■ WHAT IS NEEDED
Every picture is to be removed, and all the data is to be copied exactly.

■ SOURCE DATA

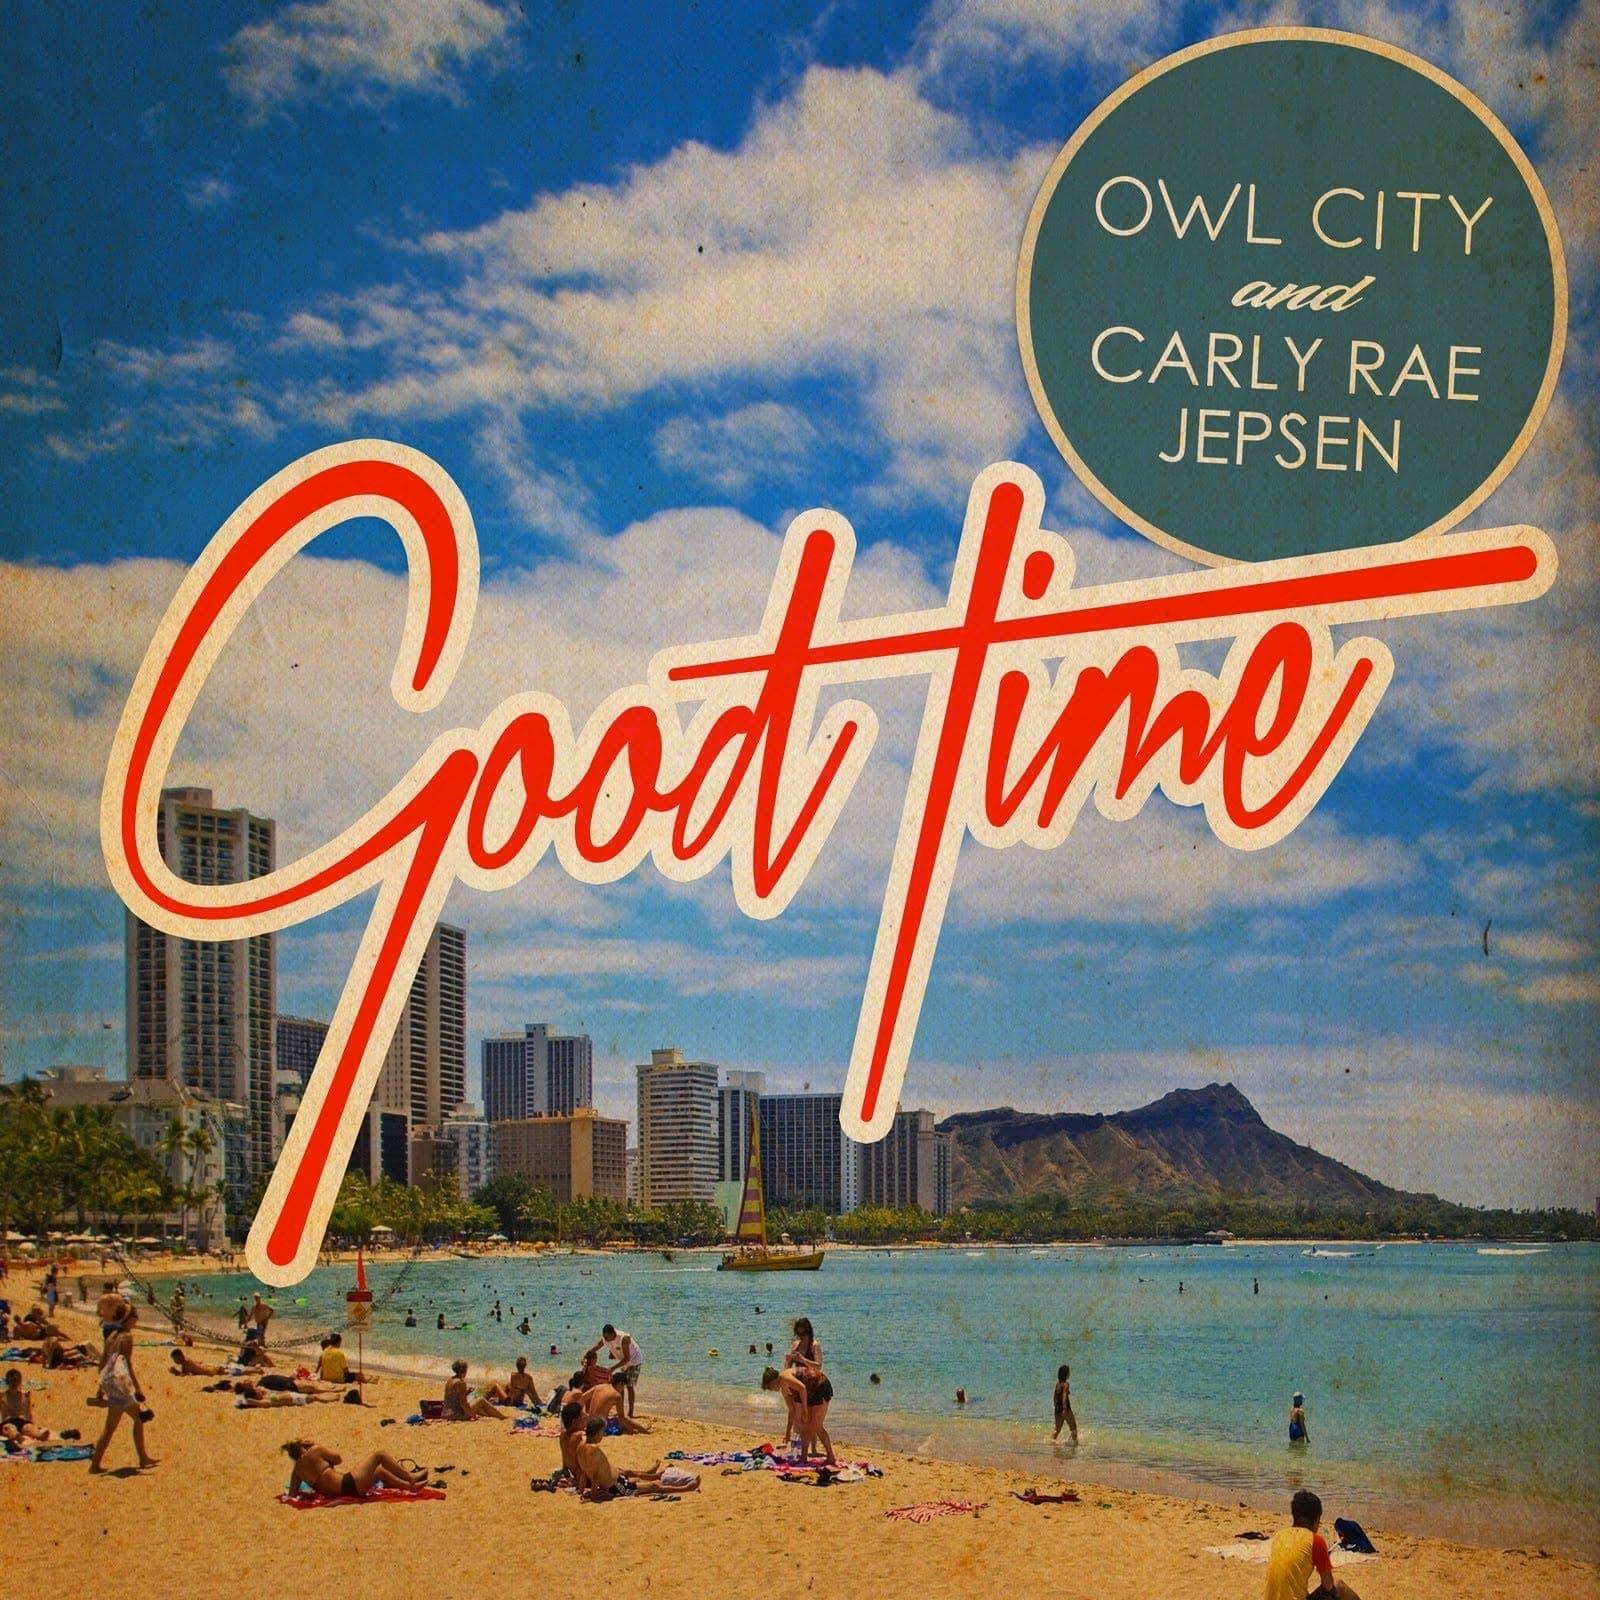 Good time - Owl City & Carly Rae Jespen
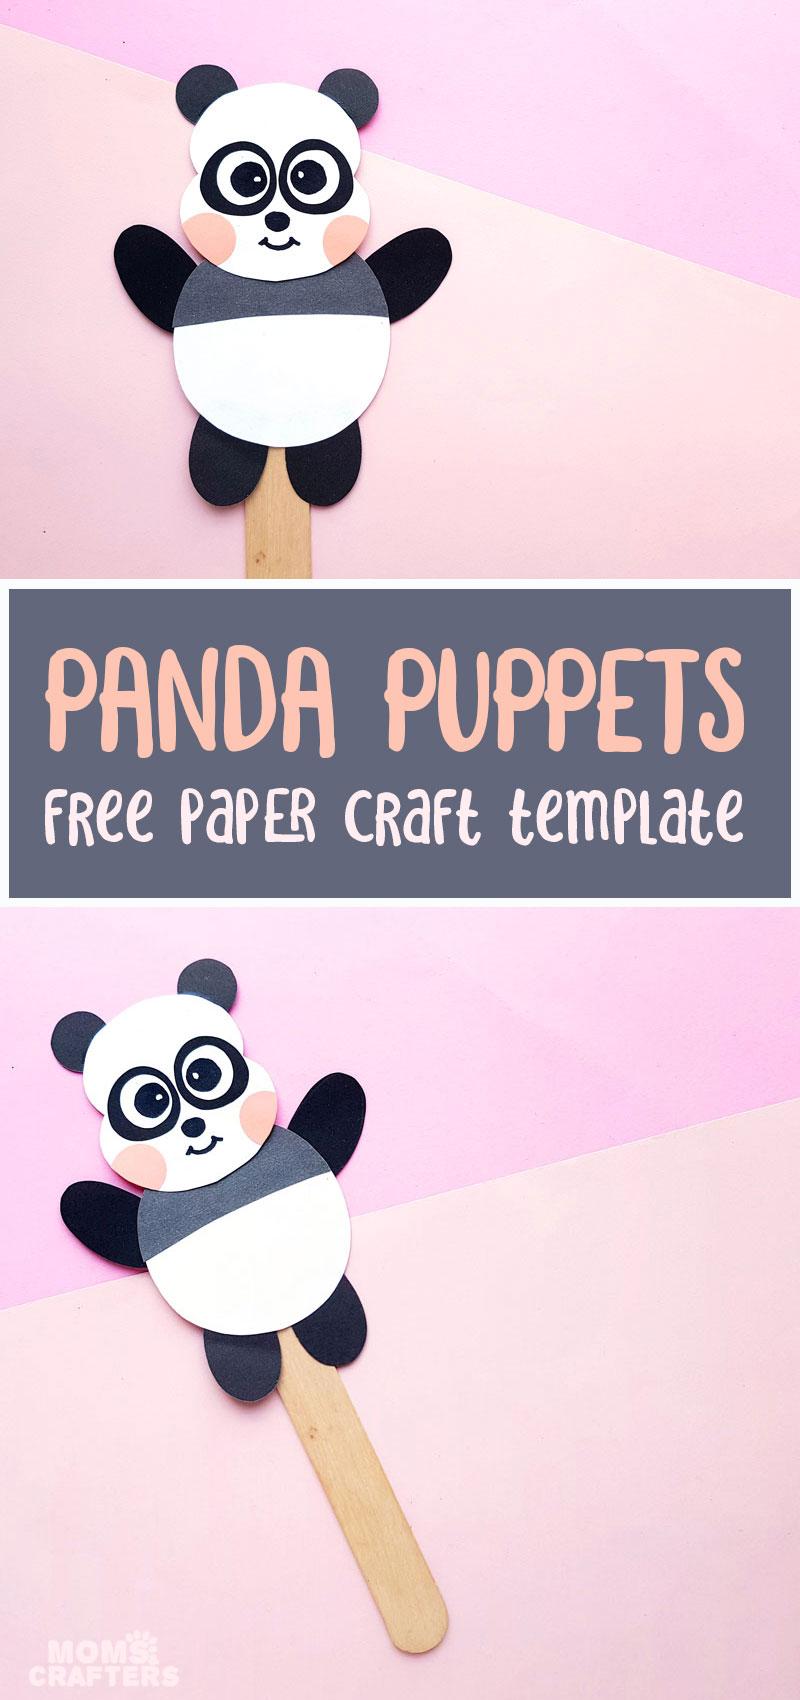 Paper panda craft - tmeplate
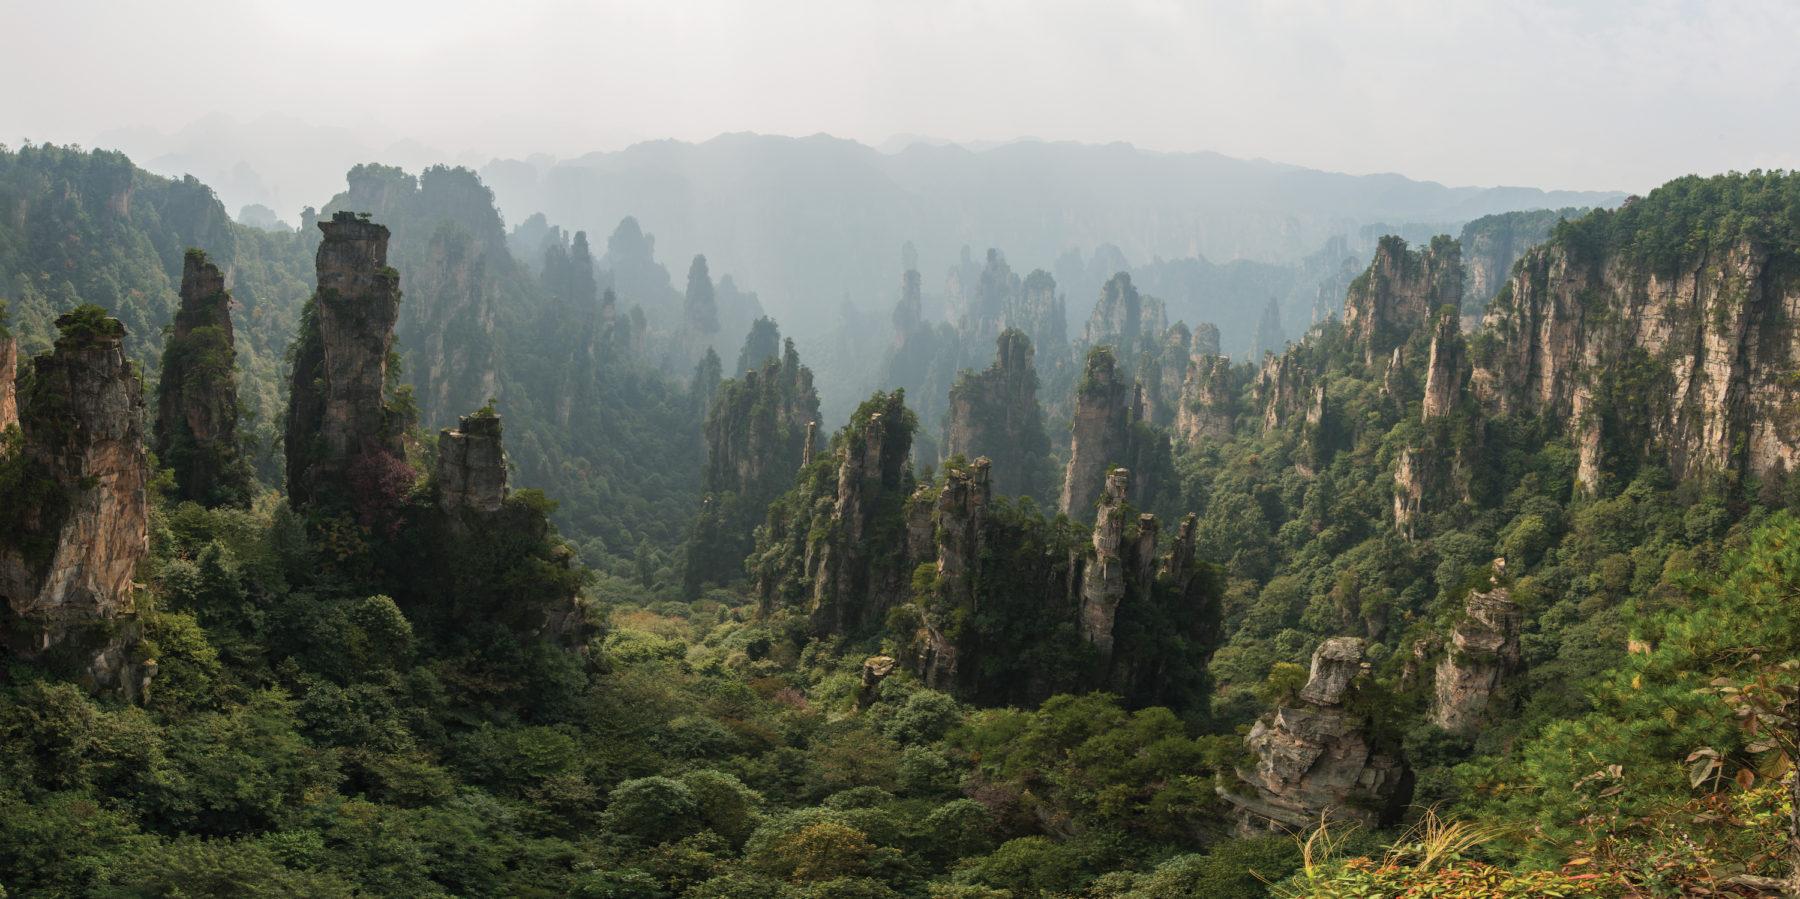 Zhangjiajie National Forest Park, China. Photo: Chensiyuan.
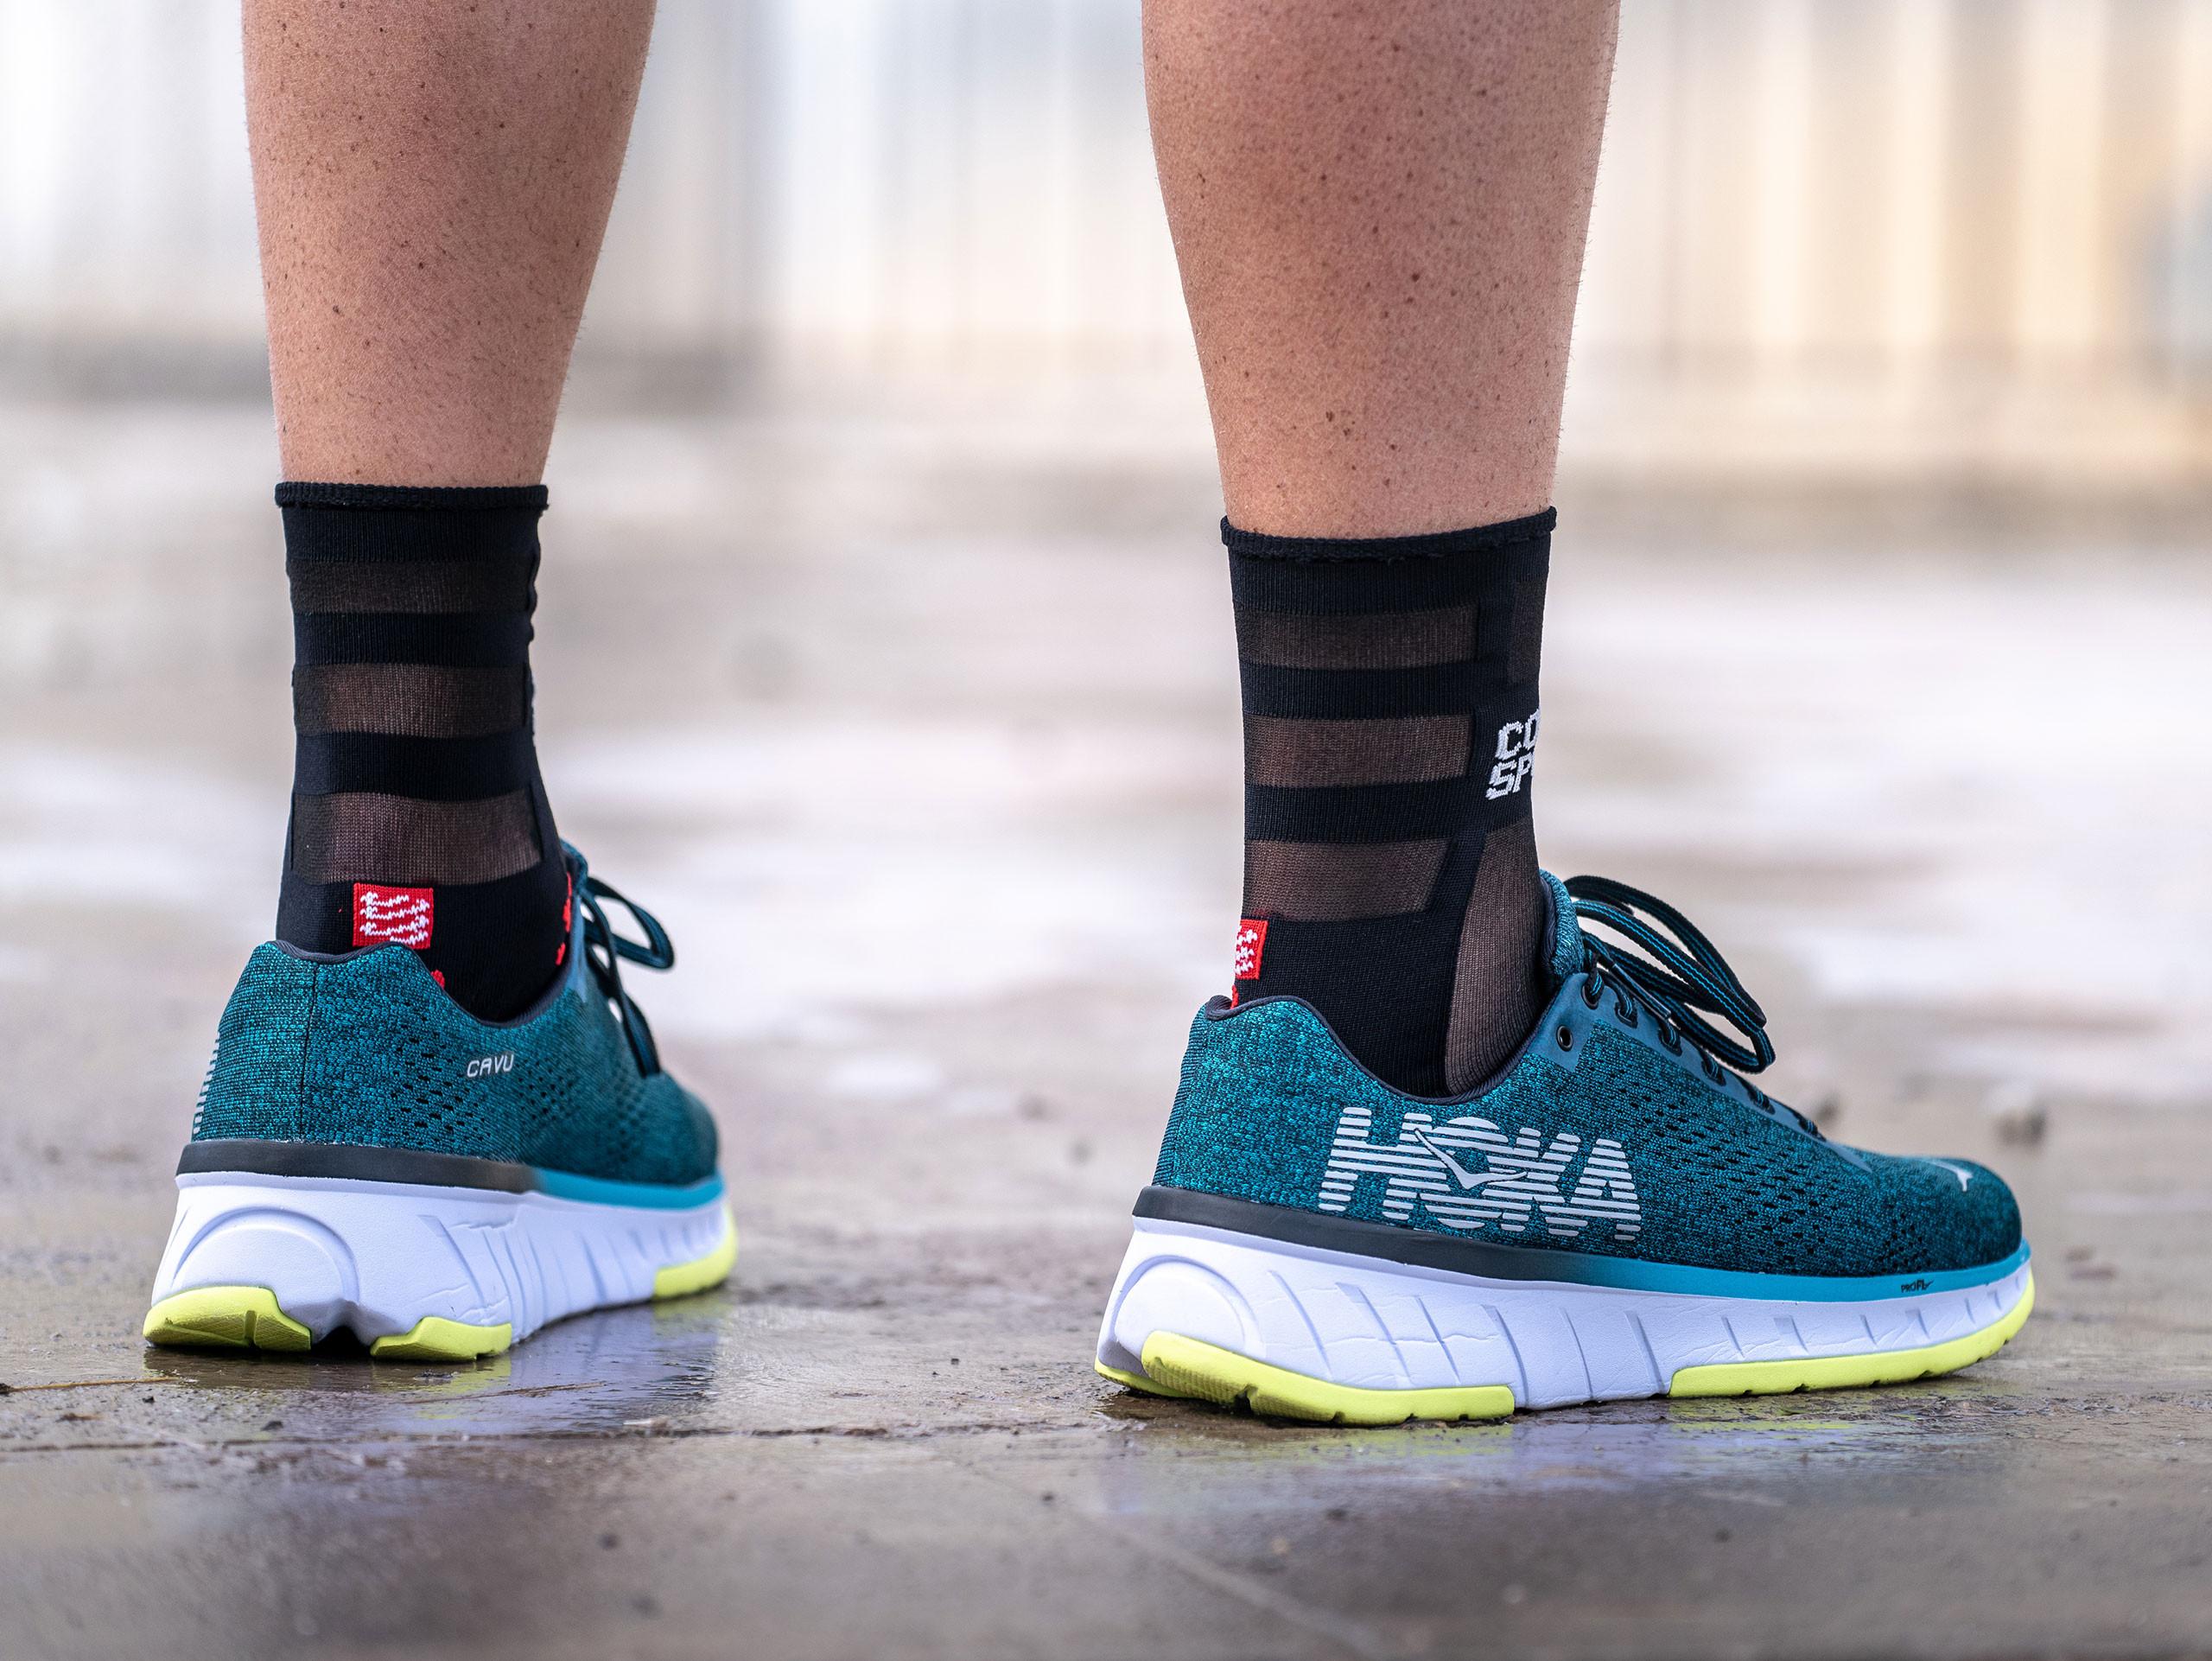 Pro Racing Socks v3.0 Ultralight Run High BLACK/RED

■ RESULT FOR THIS TASK
 Good time - Owl City & Carly Rae Jespen
 Paper panda craft - tmeplate
 Zhangjiajie National Forest Park, China. Photo: Chensiyuan.
 Pro Racing Socks v3.0 Ultralight Run High BLACK/RED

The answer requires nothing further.